天圣铜人的颠沛流离之路
北京晚报

2026-04-14 13:41 语音播报


  ▌刘海永

《新铸铜人腧穴针灸图经》残碑
  上世纪六七十年代至八十年代,北京明代城墙地基下陆续出土宋代《新铸铜人腧穴针灸图经》残碑,揭开一段尘封千年的医学国宝往事。
  在北宋以前,医学名家的针灸技法不一、穴位名称混杂,既不利于医术传播,也难以传承后世。天圣元年(1023年),宋仁宗下诏,召集全国医学名家校勘整理古代针灸医籍,由医官牵头制定针灸穴位统一标准,推进针灸学术规范化。这项工作由王惟一主持,于天圣四年(1026年)完成,最终编纂成《新铸铜人腧穴针灸图经》。书中,王惟一系统阐述了经络与部位结合的腧穴排列方法,既清晰呈现经络系统,又方便针灸学习者临床取穴。

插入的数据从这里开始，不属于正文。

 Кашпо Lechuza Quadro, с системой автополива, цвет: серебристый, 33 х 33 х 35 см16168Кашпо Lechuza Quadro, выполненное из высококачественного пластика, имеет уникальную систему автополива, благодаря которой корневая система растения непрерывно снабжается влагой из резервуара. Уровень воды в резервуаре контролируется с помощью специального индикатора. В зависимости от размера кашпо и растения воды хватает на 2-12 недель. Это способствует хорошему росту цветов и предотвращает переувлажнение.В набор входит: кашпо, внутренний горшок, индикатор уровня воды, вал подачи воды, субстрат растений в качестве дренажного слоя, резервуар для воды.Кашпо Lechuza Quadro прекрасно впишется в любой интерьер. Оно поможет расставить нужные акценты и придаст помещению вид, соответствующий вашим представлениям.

  书稿完成后,朝廷将其印刷颁行全国,定为法定针灸典籍,要求所有针灸医师、太医局针灸科医官必须以此为必读教材,作为临床施治的规范依据。
  尽管宋代印刷术已较为发达,但纸质书籍不易长期保存。为让这部典籍长久流传、便于后人观摩学习,朝廷又命工匠将《新铸铜人腧穴针灸图经》镌刻于石碑之上,即后世所称的宋天圣针经碑。石碑刻成后,陈列于大相国寺针灸图石壁堂。

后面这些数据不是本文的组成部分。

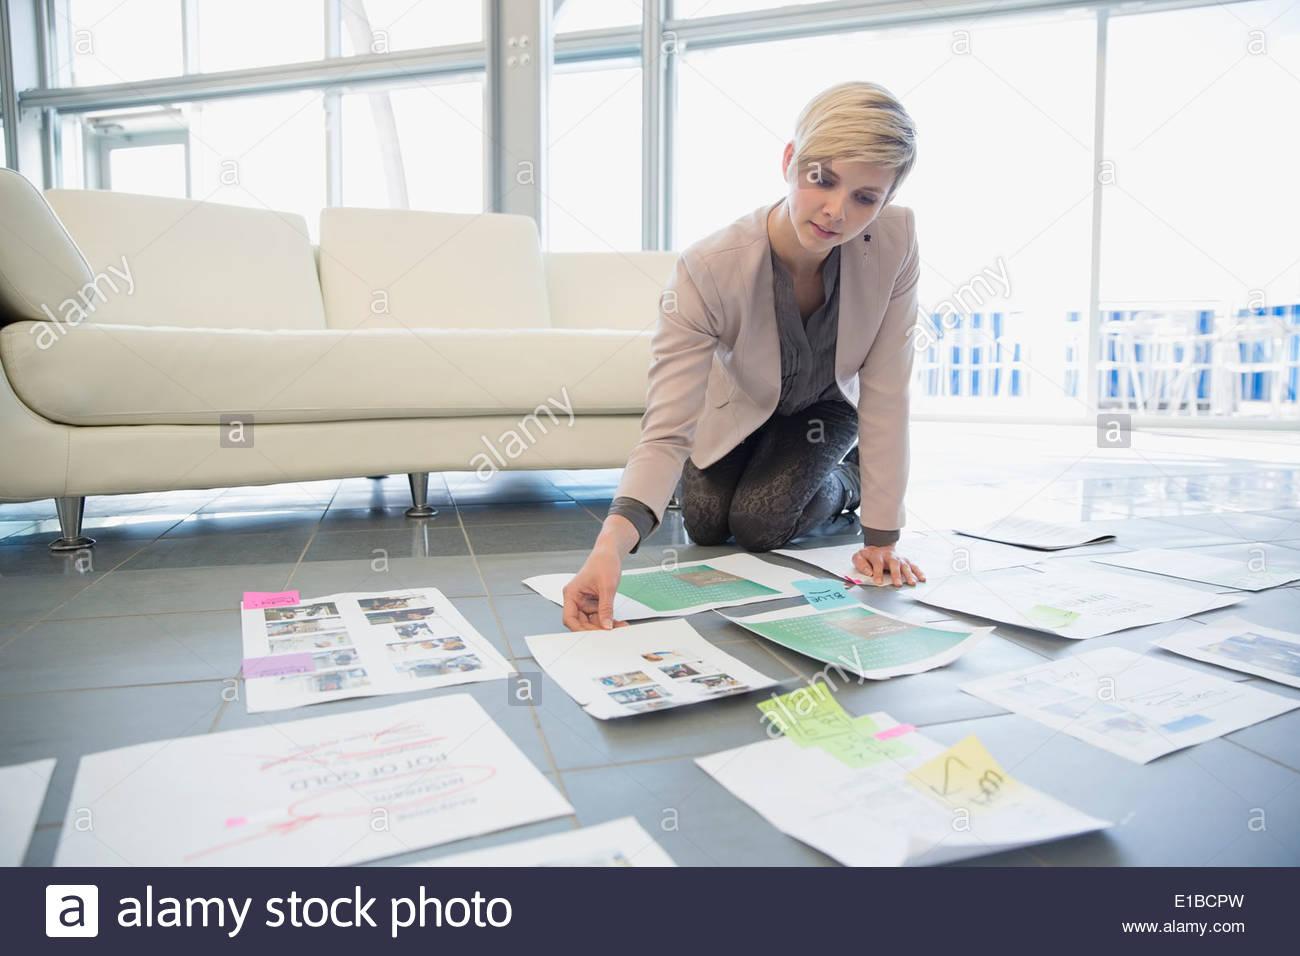 Kreative Geschäftsfrau, die Überprüfung der Nachweise im Amt Stockbild

  元代初年,这批石碑被运往元大都。历经百余年岁月侵蚀与朝代更迭,碑文已风化模糊。明代时,蒙古瓦剌屡次侵扰京师,明英宗为抵御进犯,下令加固北京城墙。《新铸铜人腧穴针灸图经》石碑竟被劈毁,当作城垣石材砌入墙中,沉睡数百年。
  除了完成《新铸铜人腧穴针灸图经》的刊刻与立碑,王惟一希望制作直观教具,让针灸学习更易理解、便于普及,这一想法得到宋仁宗支持。铸造针灸铜人的工程由王惟一主持设计,北宋朝廷在全国征集能工巧匠,在开封专门设场铸造。经反复试制与完善,天圣五年十月壬辰,医官院向朝廷进献所铸腧穴铜人两具。因铸于天圣年间,这两尊铜人被称作天圣铜人。铜人铸成后送入宫中,宋仁宗观后十分赞赏,下旨将一尊安放于医官院,供医师研习;一尊置于大相国寺仁济殿,供世人观瞻。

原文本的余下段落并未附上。